## [Problem]
Within the listing below, give again exactly the lines between the one containing "2011 ALDOI RFP" and the one containing "8pm Pants In Grey", inclusive, pictures left aside.

─── Available records

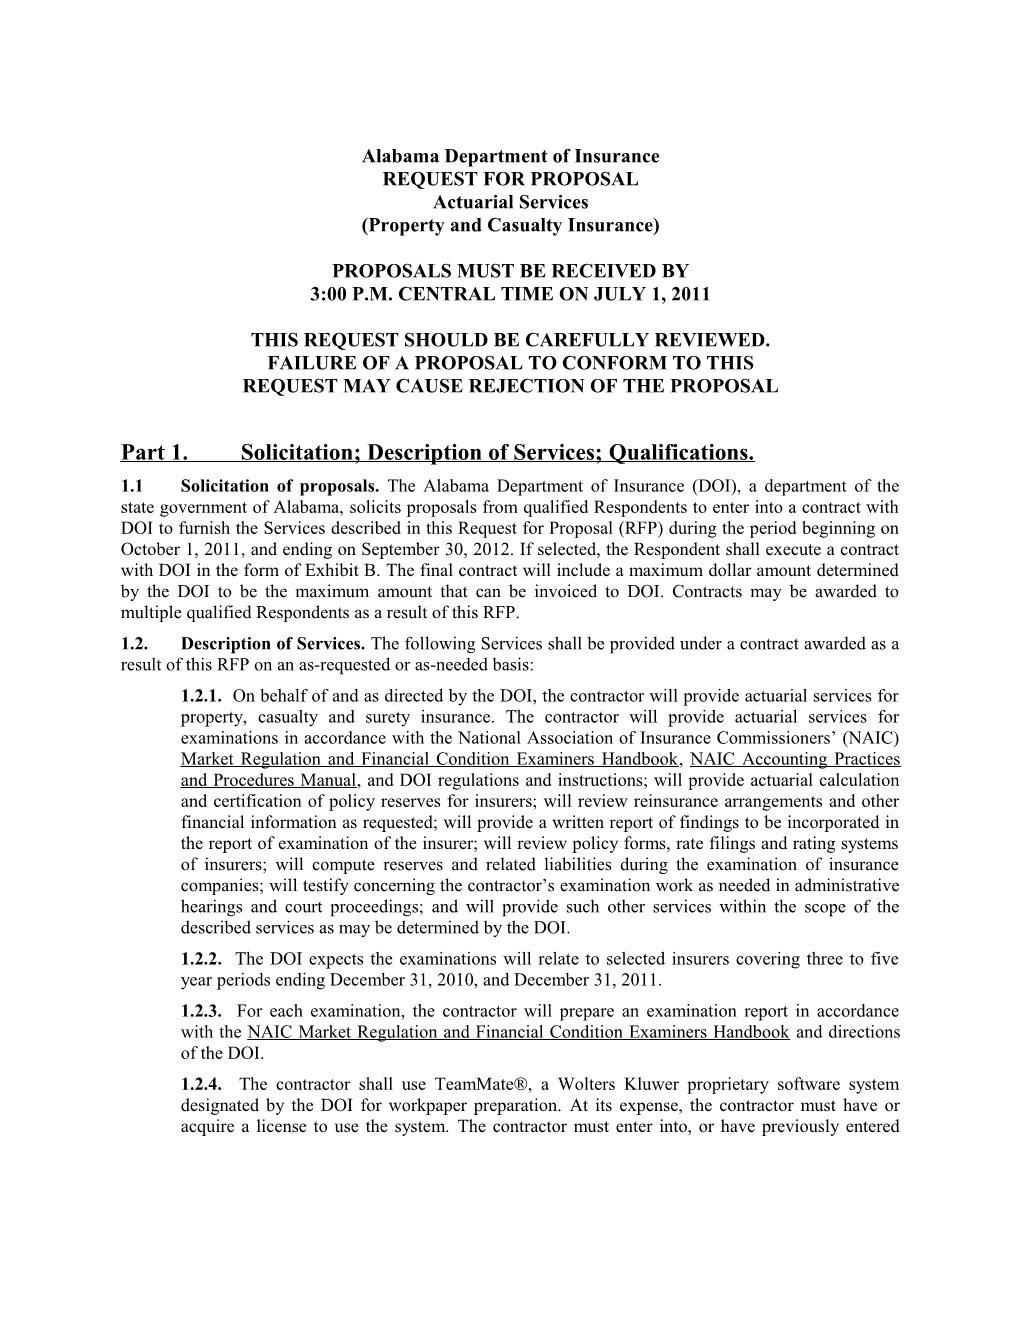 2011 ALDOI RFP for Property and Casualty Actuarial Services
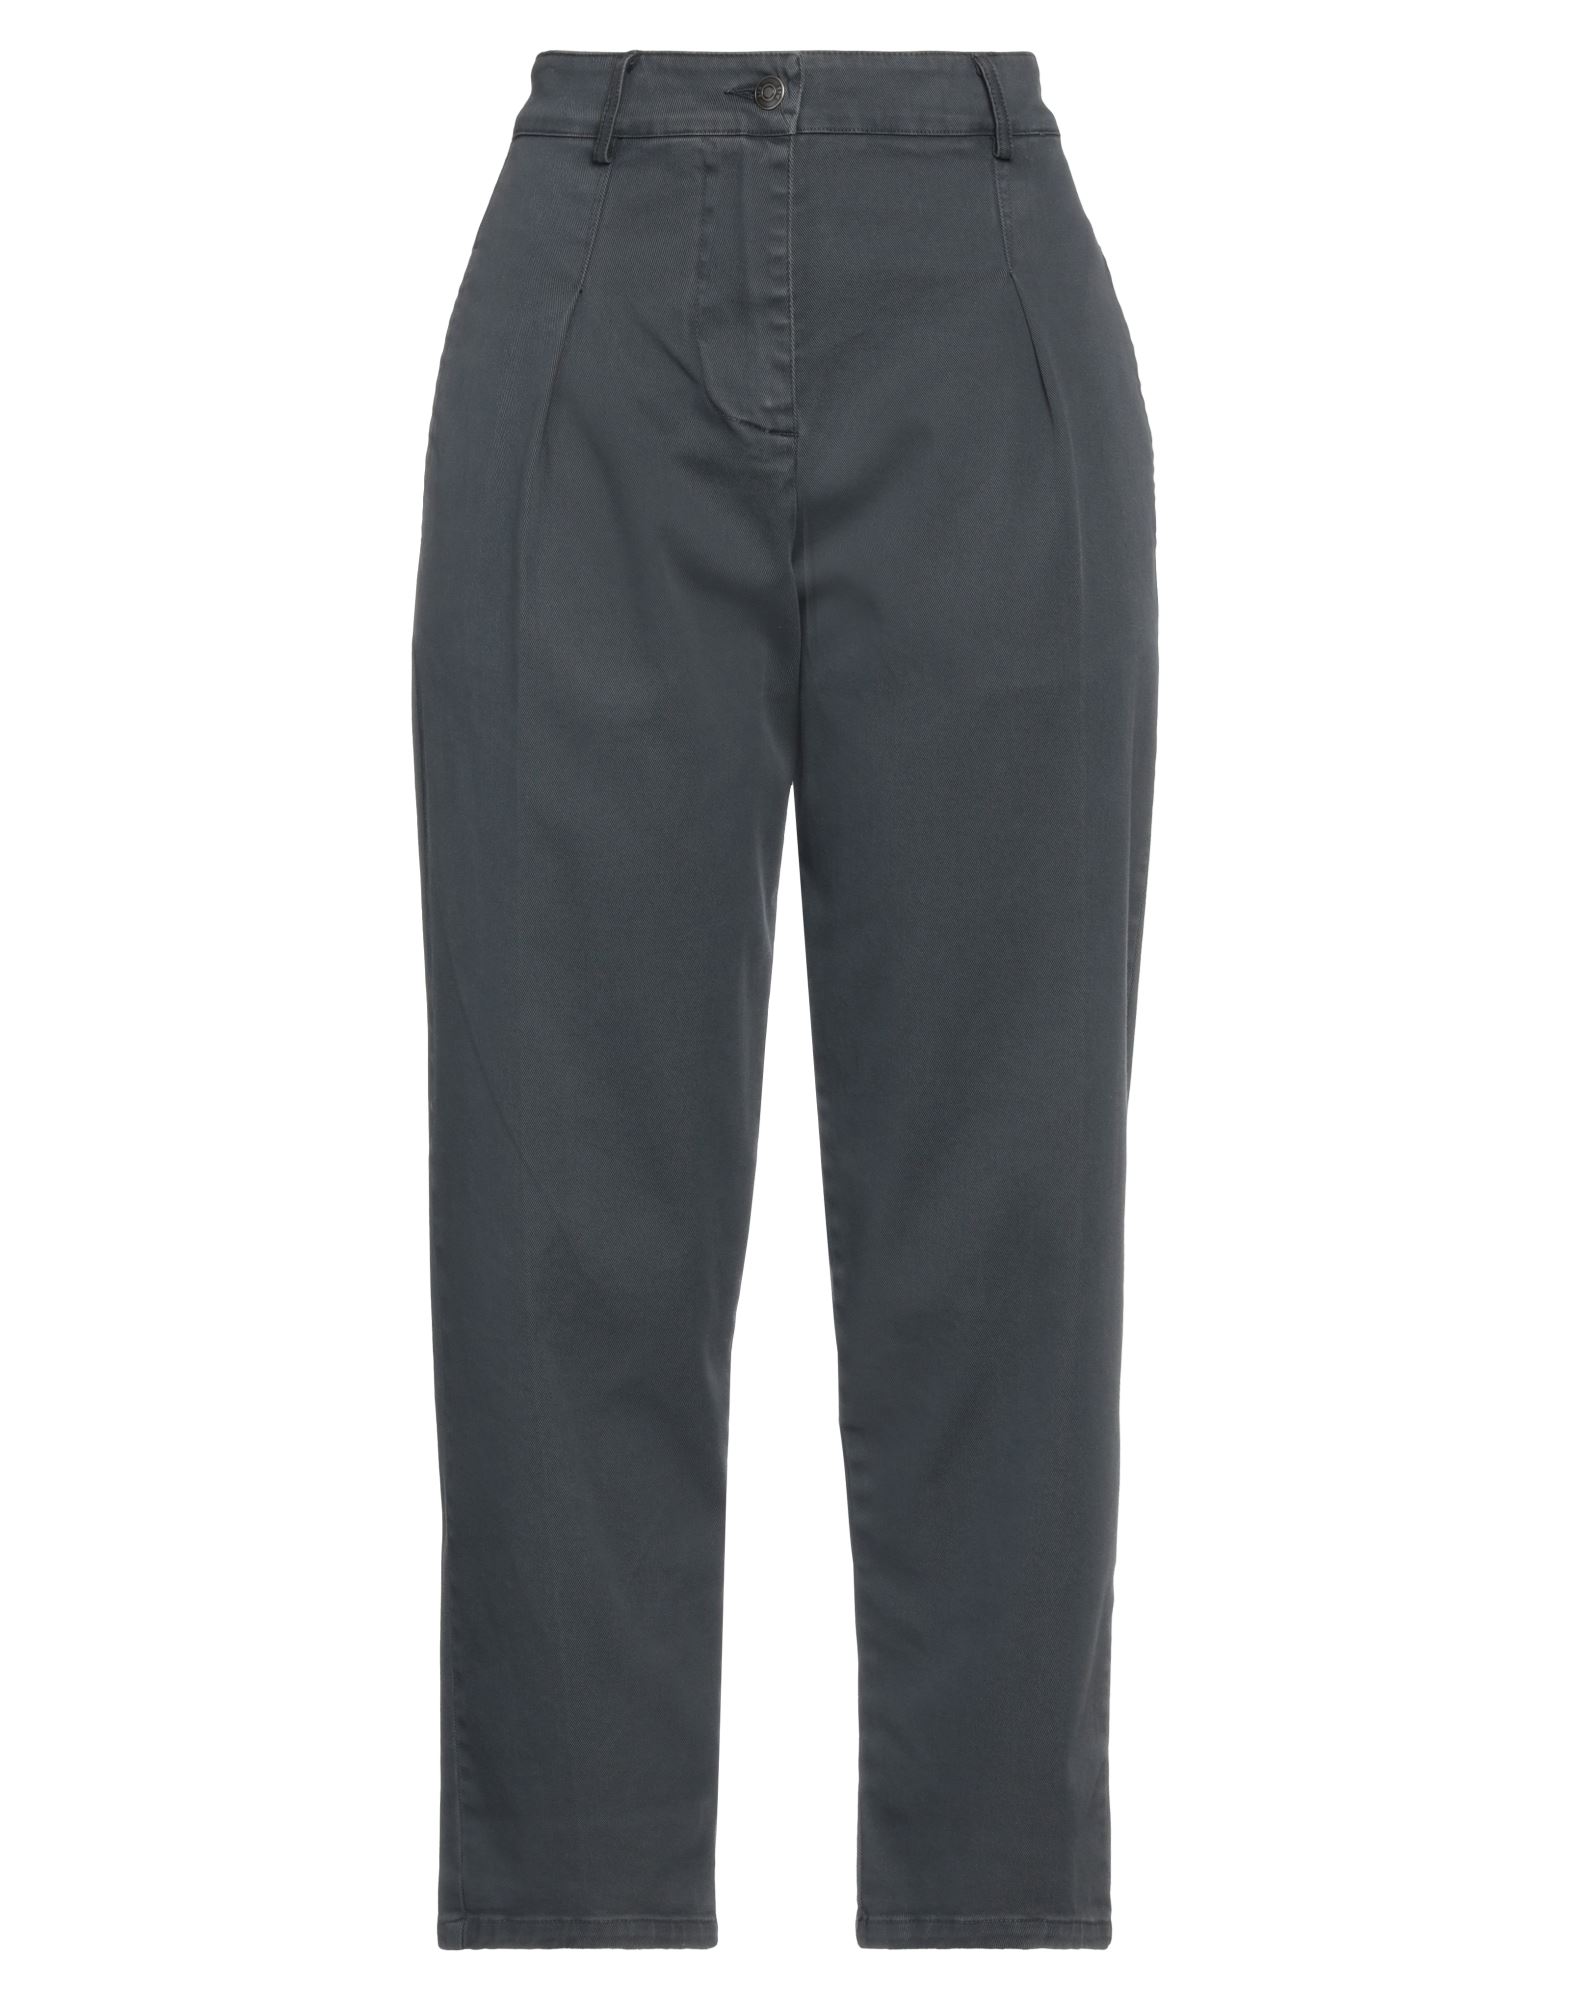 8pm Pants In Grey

──────
─── Available records

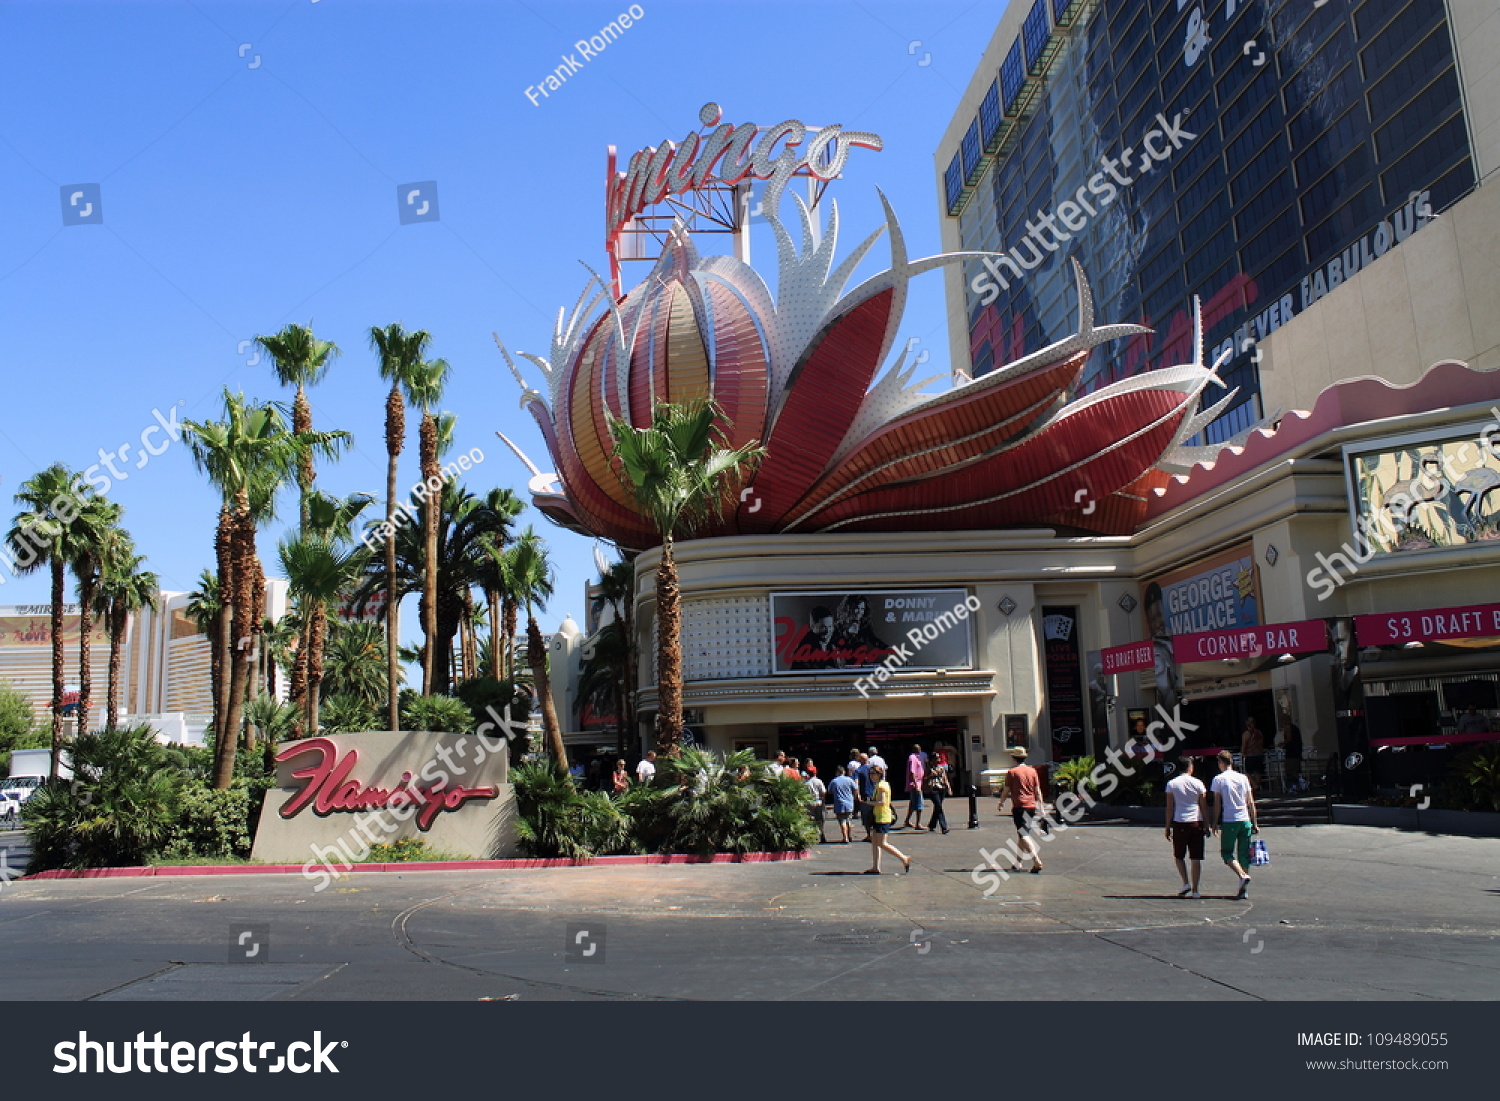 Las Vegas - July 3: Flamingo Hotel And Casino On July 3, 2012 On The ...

──────

## [Exercise result]
 2011 ALDOI RFP for Property and Casualty Actuarial Services
 8pm Pants In Grey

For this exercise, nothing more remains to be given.